We can see that the build times improve significantly with the new APIs, despite their very early state in the life of cluster ray tracing.
As the BLAS is built over clusters and not individual triangles, a degradation in actual rendering performance is expected. 
That is why we want to stress, that if you have static content, `FAST_TRACE` triangle BLAS are still the best option.

However, we recommend to test your own content and implementation, as performance always depends on the actual scenarios.
As driver and hardware performance improves over time we will update this table.

One extra benefit of using clusters with templates is that we can query a quite accurate number for the
instantiated CLAS size, this allows us to reduce the amount of the required reserved memory by a lot.

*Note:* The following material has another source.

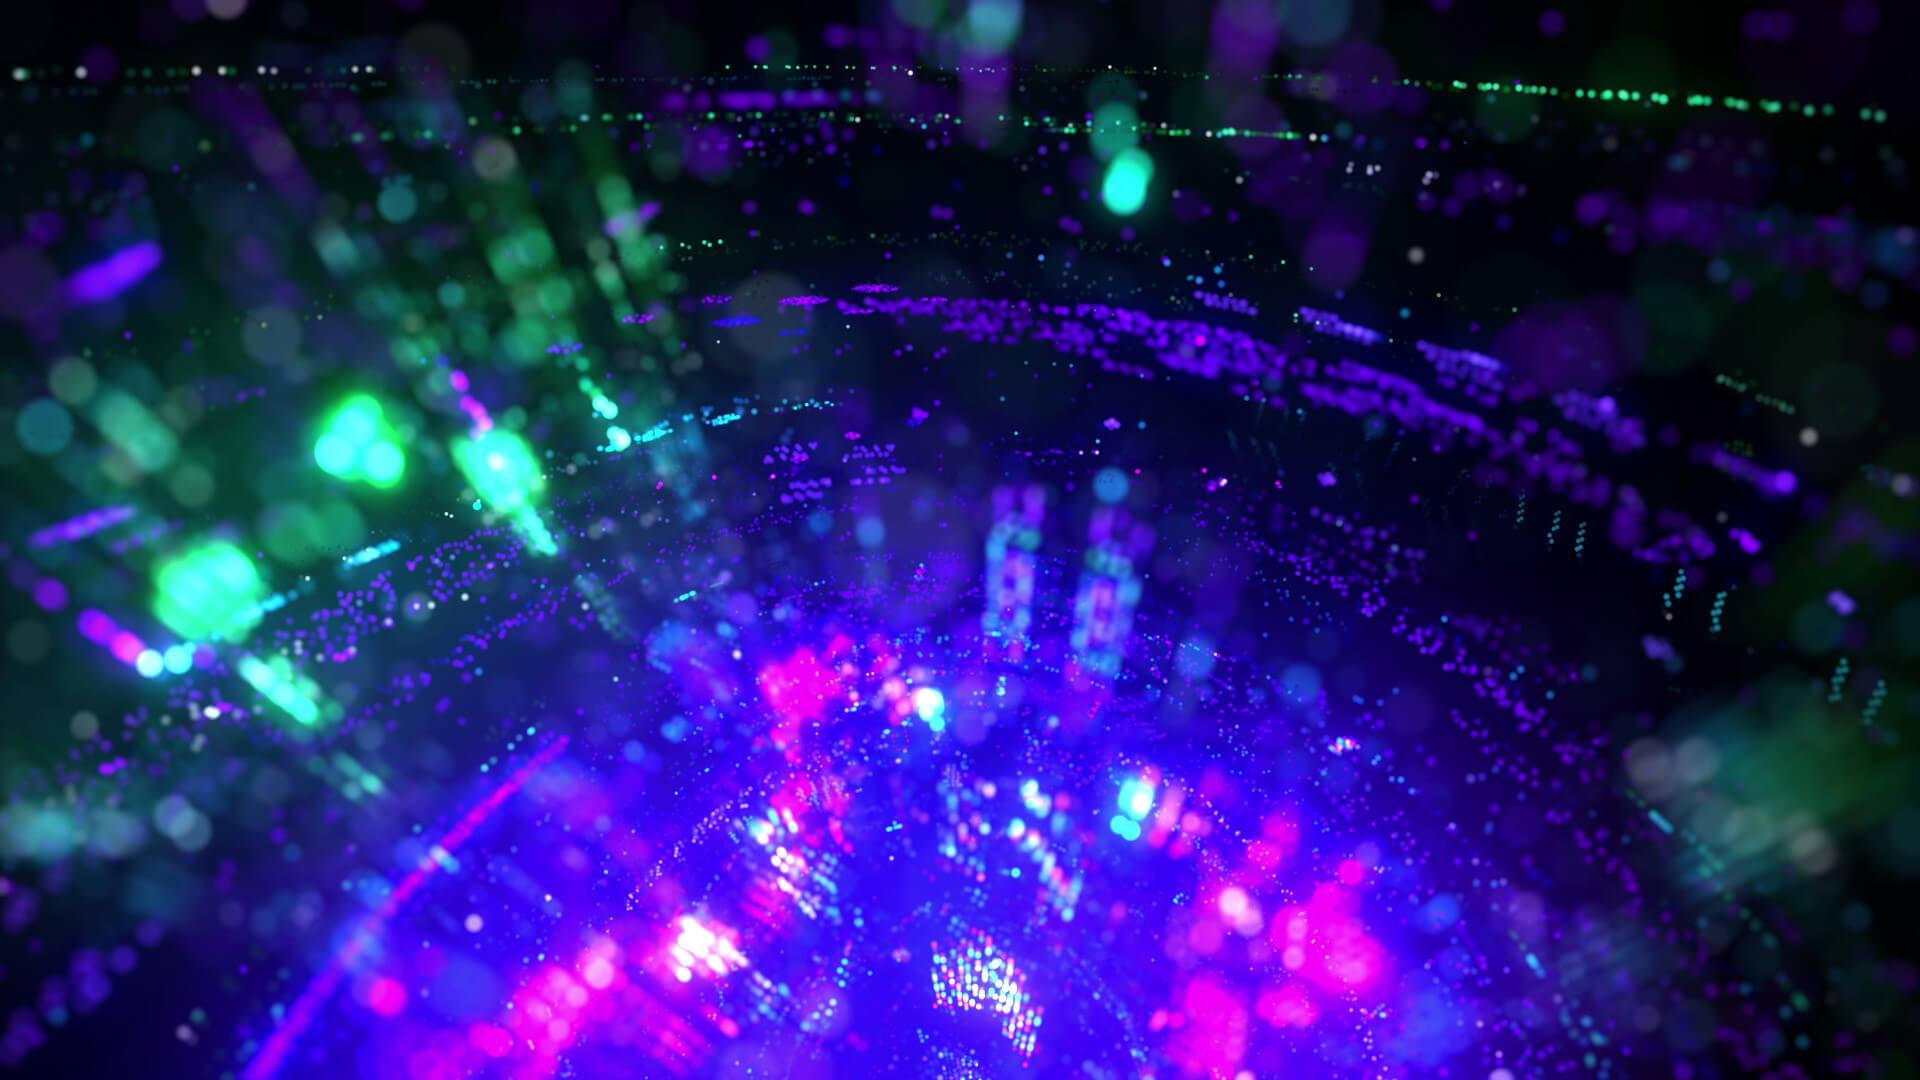 视频素材 12个高科技闪光VJ无缝循环LED大屏幕背景素材 Tech Glitters Vj Loops

| Memory Reservations [MB]     | Triangles | Clusters w. Templates |
|------------------------------|-----------|-----------------------|
| BLAS                         | 564       |  22                   |
| CLAS                         | -         | 232                   |
| Other RT (mostly templates)  | -         |  17                   |
| Sum                          | 564       | 271                   |

## VK_NV_cluster_acceleration_structure

The API details are found at the [Khronos extension registry](https://registry.khronos.org/vulkan/specs/latest/man/html/VK_NV_cluster_acceleration_structure.html)

### Principle

The cluster API provides the ability to separate bottom-level acceleration structures (BLAS) into triangle clusters which can be independently built and updated. The topology of a cluster is defined either by explicit indices or by instantiating a "template" encoding a known topology. A BLAS is then built by referencing and reusing those clusters. 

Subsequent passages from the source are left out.